**TASK**
Somewhere below is a line with "China 2-Wheeler Tire Market Segmentation" and, later, a line with "Bundeskanzlerin Angela Merkel"; repeat those two lines and all the lines between them, exactly as they are.

**INPUT RECORDS**
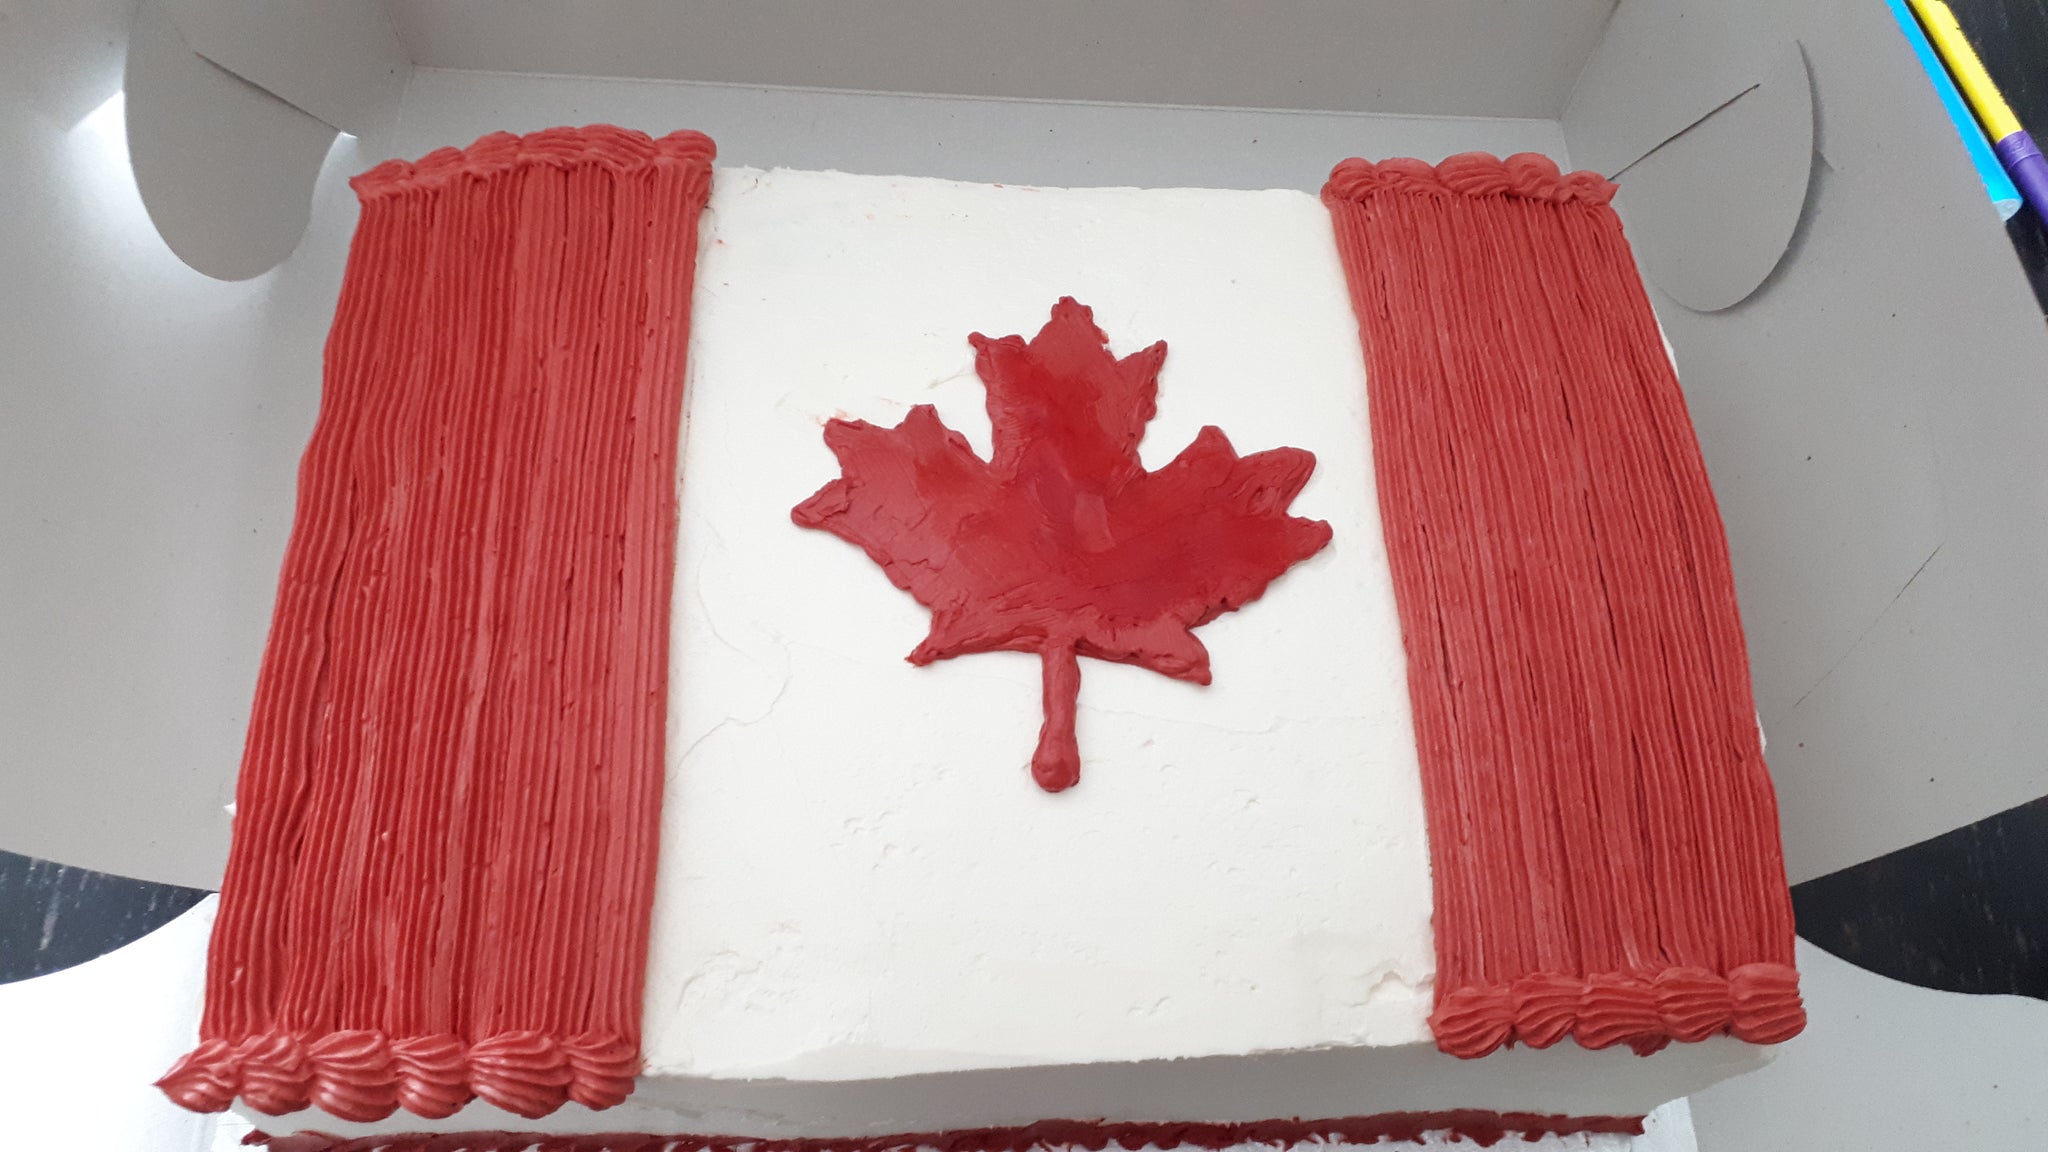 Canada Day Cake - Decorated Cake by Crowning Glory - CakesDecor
...
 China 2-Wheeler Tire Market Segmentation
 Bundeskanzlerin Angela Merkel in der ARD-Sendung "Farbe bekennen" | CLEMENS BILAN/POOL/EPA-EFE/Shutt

**THE ANSWER**
 China 2-Wheeler Tire Market Segmentation
 Bundeskanzlerin Angela Merkel in der ARD-Sendung "Farbe bekennen" | CLEMENS BILAN/POOL/EPA-EFE/Shutt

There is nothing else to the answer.